Не об этом сейчас думал Иван, но хотел заставить жену забыть о Маше. Она – поняла ли, нет – посопела носом. Видать, передернула плечами.
– Жени ты Родиона на сестре Акинфича, на Клавде! Он вдовый, и она вдова. Вот те и спору не станет! Тут и Вески, и всё тут. – Добавила ворчливо: – Свадьбы сводить – не мне тебя учить!
Опять намекала на ростовские дела. А он лежал и думал и дивился, как просто решила Елена то, чего он никак не мог понять и измыслить во все эти дни. Да! И кажется, с тем и нашел, чем и как одолеть тверских князей! Акинфичей перетянуть к себе! С Андреем Кобылой! Все ить свои! По роду-племени все изначала святому Невскому служили! А примирить Акинфичей с Родионом, то и прочие бояре не зазрят… С этого и начать! Собирать воедино! Недаром же его прозывают Калитою на Москве!

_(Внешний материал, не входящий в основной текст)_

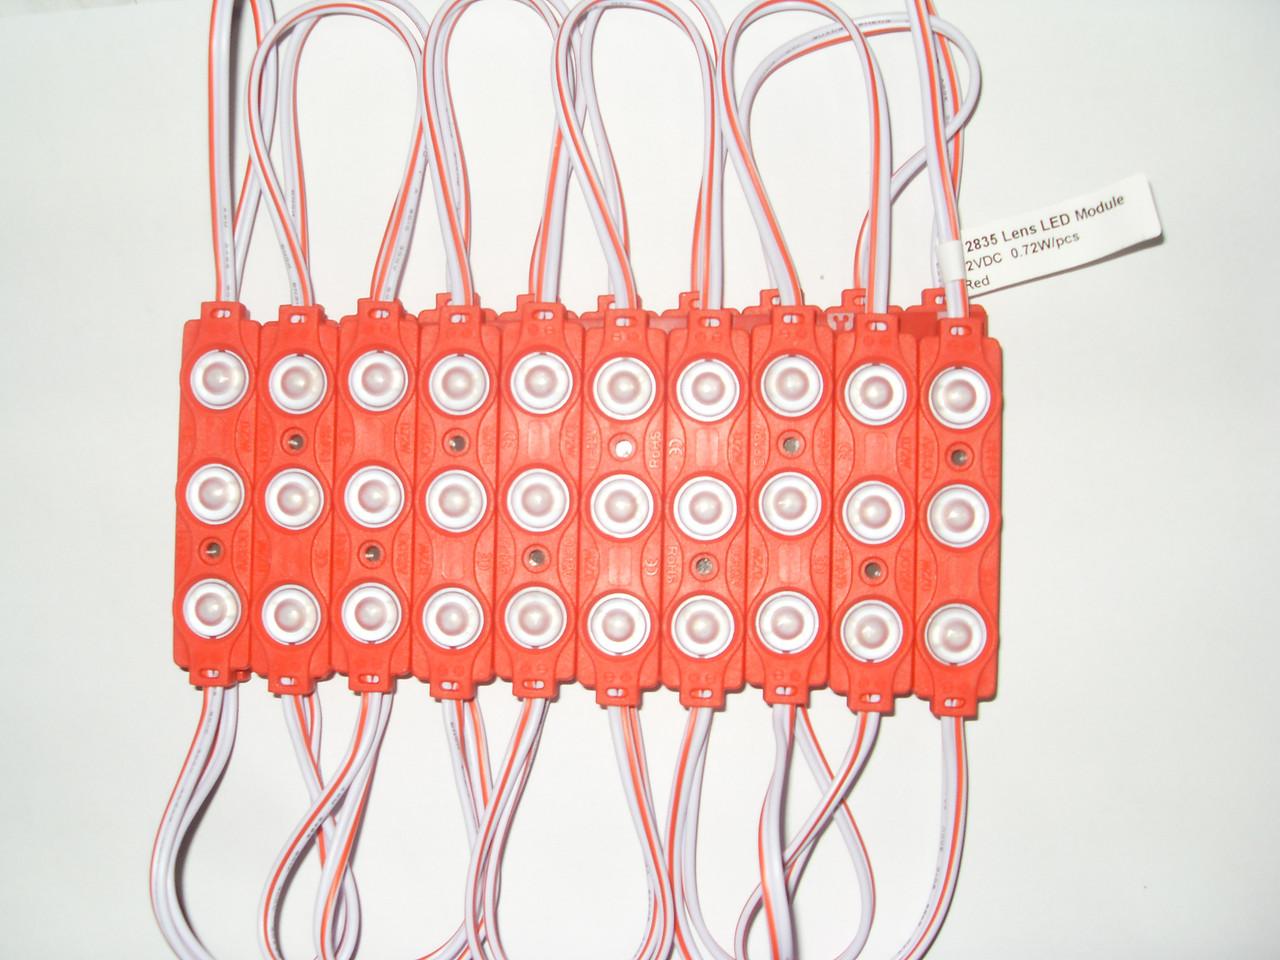 Красный светодиодный модуль  0.72вт 12вольт SMD 2835 с линзой кластер RED 3 LED 0.72 вт

До него уже плохо доходили слова жены (Елена говорила что-то тихонько, не то жалуясь, не то советуя с ним), а он был весь – в мысли: «Дела – тлен… Как раз боялся… И правильно, что боялся! Нужно, чтобы после смерти продолжилось: не кончалось задуманное… Она мнит: умрет – и конец. (И я умру!) Мы все – прах, и отыдем в вечность в свой черед! Надо оставить род. Надо, чтобы было наследие, чтобы волею-неволею, а продолжали, держали, чтобы и в поколеньях не гасла свеча…»
– Ты не слушаешь меня, ладо?
Иван, возвращаясь из дали дальней, обнял жену, притянул к себе, стал гладить по плечам и спине, а сам все думал, оборачивал, додумывая, решая так и эдак, невзначай брошенные Еленой и сейчас ставшие для него ключевыми слова.
Глава 5
Дедо, повесив пестерь на шею, пошел босыми раздавленными стопами по рыхлой, еще зябкой от зимнего холода земле. Первая горсть зерна, описав широкий полукруг, легла на взоранную пашню. Грачи метнулись заполошно, упадая с вершин дерев.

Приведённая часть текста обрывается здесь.